História das Crises Econômicas(3)


AS CRISES E A ECONOMIA POLÍTICA CLÁSSICA


O Liberalismo Econômico

Foi com os pensadores do século XVIII que nasceu efetivamente a ciência econômica clássica. Entre os fundadores da economia política estão os fisiocratas franceses como François Quesnay (O Quadro Econômico) e os economistas liberais ingleses. Entre esses últimos devemos destacar: Adam Smith (A Riqueza das Nações) que fundamentou a teoria do valor-trabalho, David Ricardo (Princípios de Economia Política e Tributação) que, entre outras formulou uma lei “científica” dos salários e ainda John Stuart Mill (Princípios de Economia Política), defensor de uma doutrina denominada utilitarismo.
Esses pensadores formularam os princípios básicos do Liberalismo Econômico, defendendo o direito individual à propriedade e à liberdade de produzir. Criticaram a intervenção do Estado na Economia condenando as práticas protecionistas e os monopólios.

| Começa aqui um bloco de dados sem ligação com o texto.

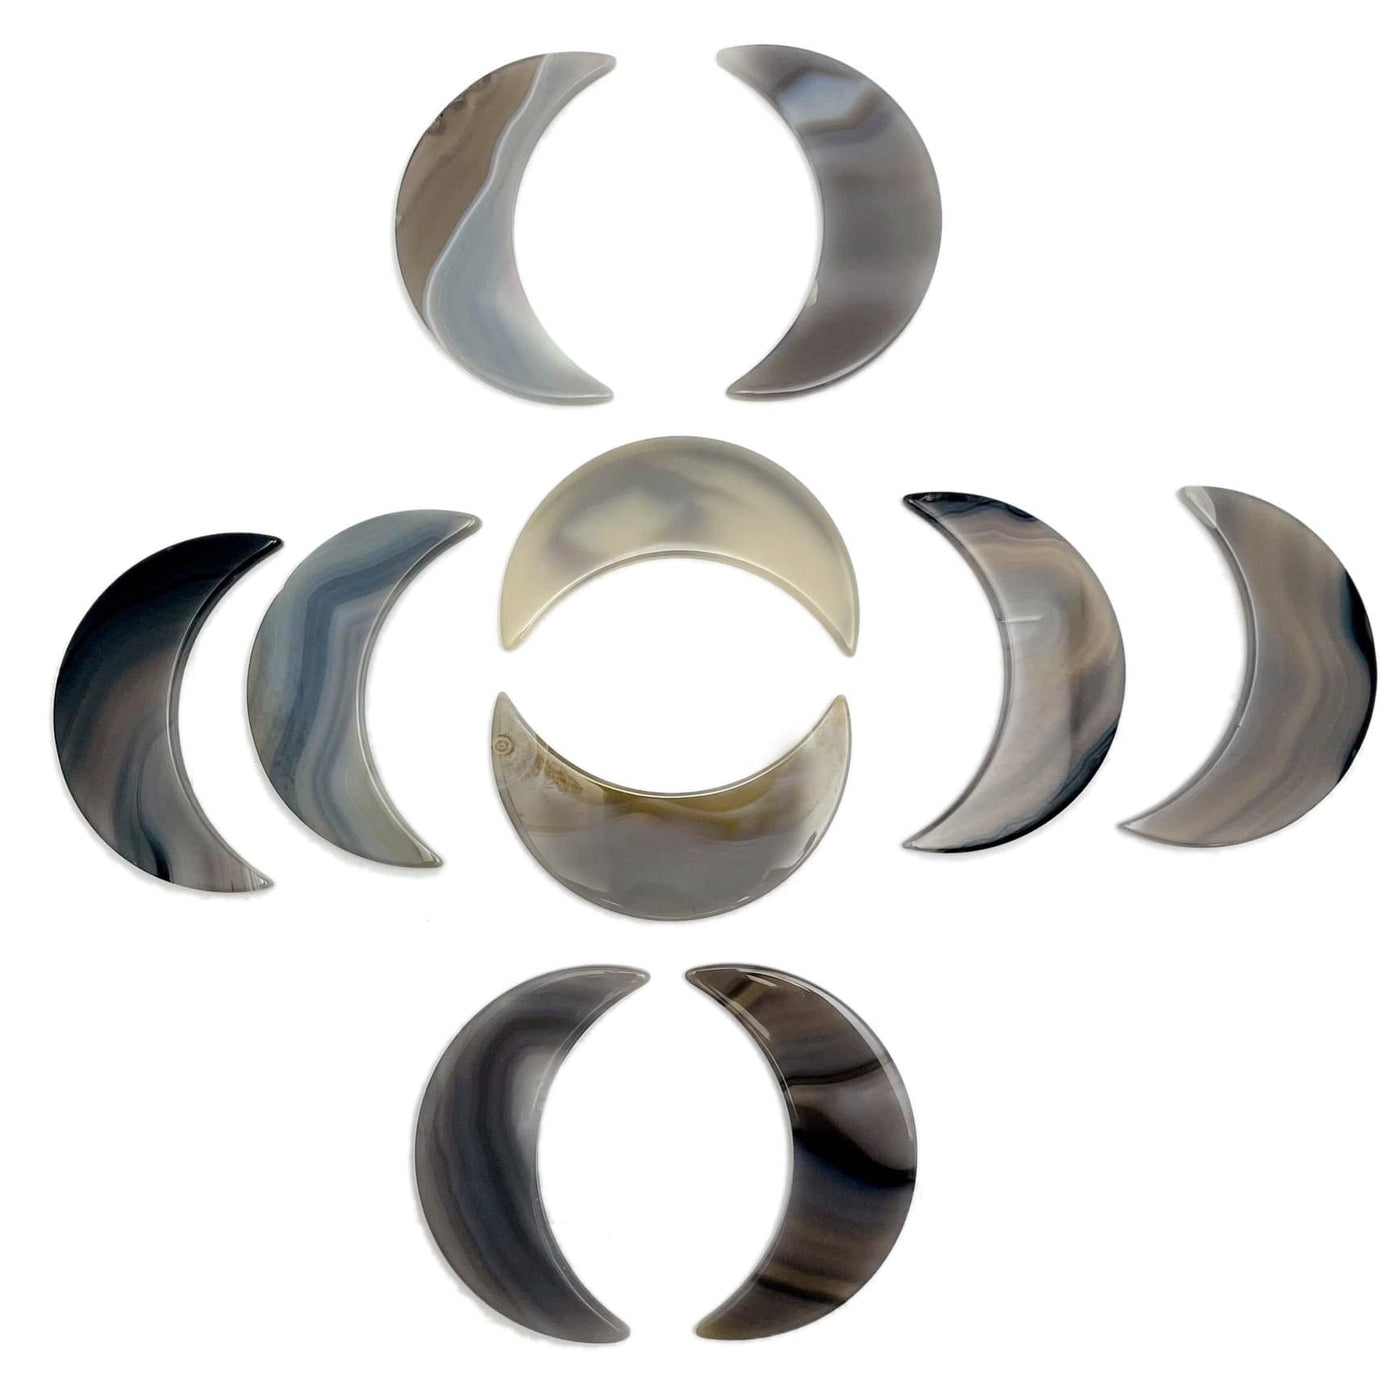 Ten natural agate moons displayed on a white surface.

Consagrando a doutrina do “laissez-faire”, ou seja, da livre iniciativa e afirmaram que a livre concorrência e a competição eram fatores fundamentais para o desenvolvimento econômico. Acreditavam que bastava respeitar às leis de mercado para que o progresso econômico ocorresse naturalmente. É interessante observar, ainda, que no pensamento econômico liberal não existe conflito entre os interesses individuais e sociais. O que beneficiasse os indivíduos, segundo eles, beneficiaria também o conjunto da sociedade.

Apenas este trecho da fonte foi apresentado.